* DATASET CONTENT *
------------------------------------------------

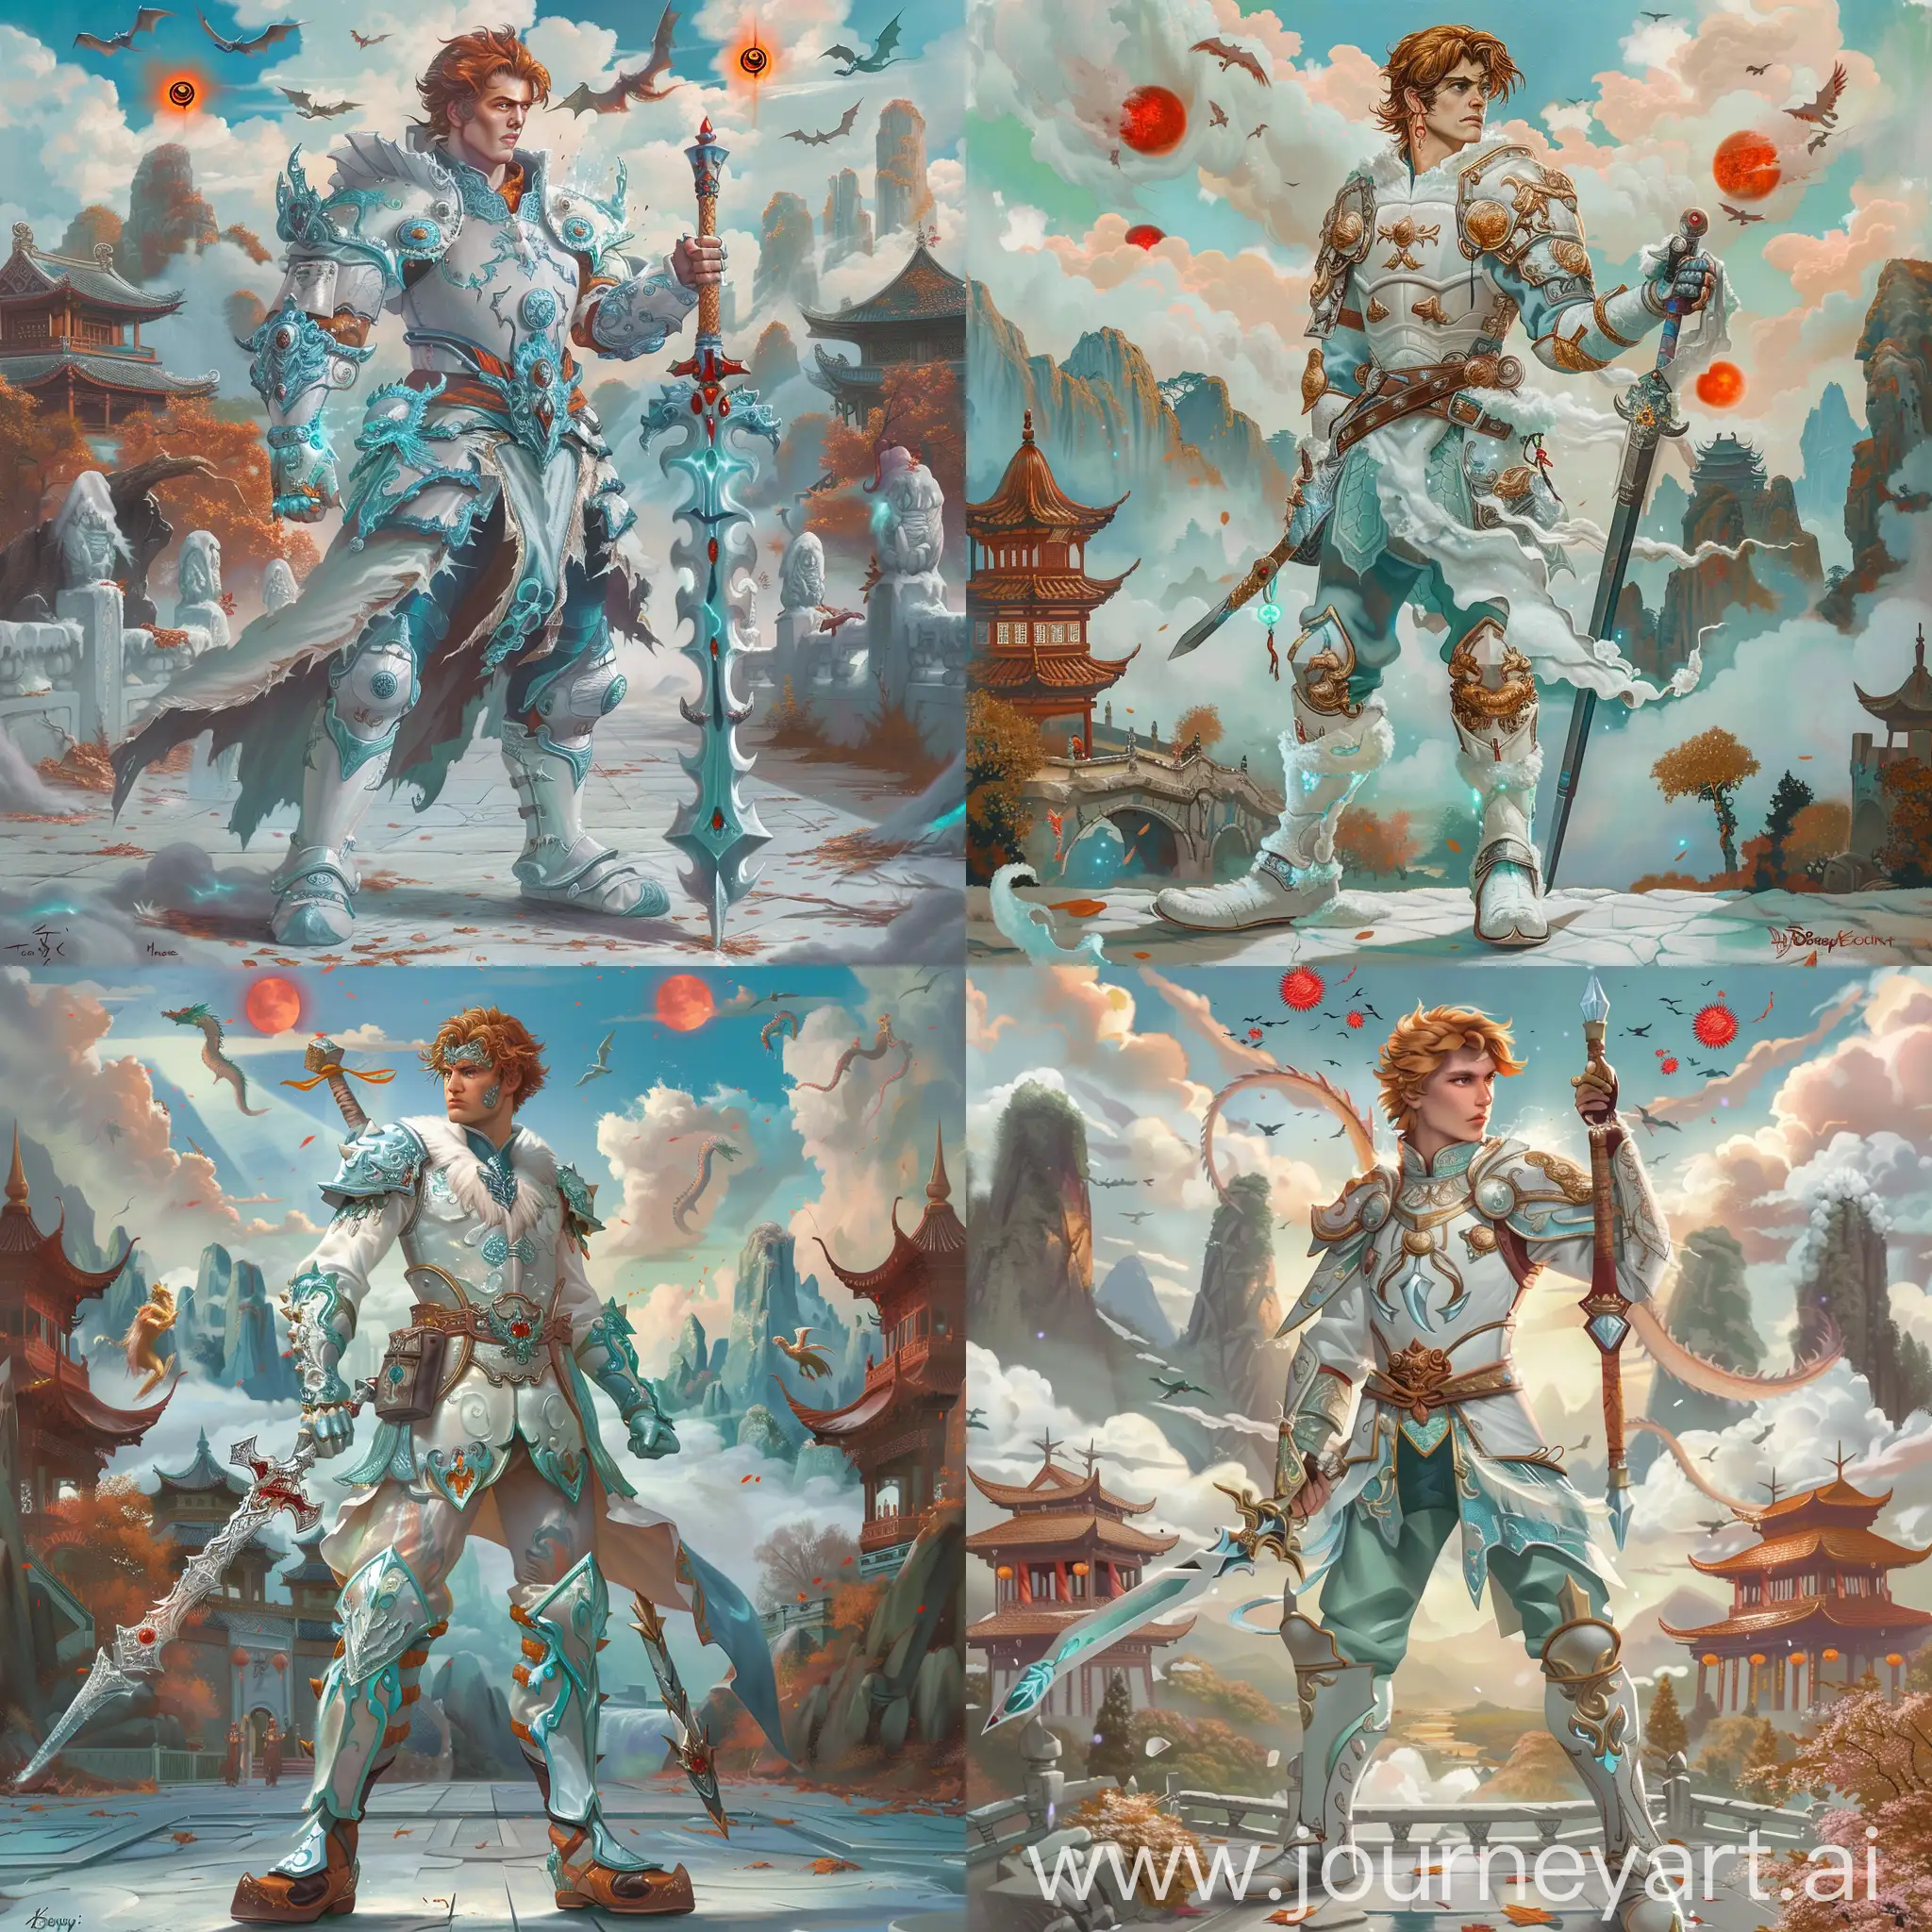 Historic painting style:

a Disney Villain, Prince Hans, he has brown orange hair, white and light blue color Chinese medieval armor and boots, he holds a medieval Chinese style sword in right hand, 

Chinese Guilin mountains and temple as background, evil iced dragons and three small red blood suns in cloudy sky.

------------------------------------------------

* WORK REQUIRED *
Nothing but an exact copy of the data, without pictures, should be returned.

* EXERCISE RESULT *
 Historic painting style:

a Disney Villain, Prince Hans, he has brown orange hair, white and light blue color Chinese medieval armor and boots, he holds a medieval Chinese style sword in right hand, 

Chinese Guilin mountains and temple as background, evil iced dragons and three small red blood suns in cloudy sky.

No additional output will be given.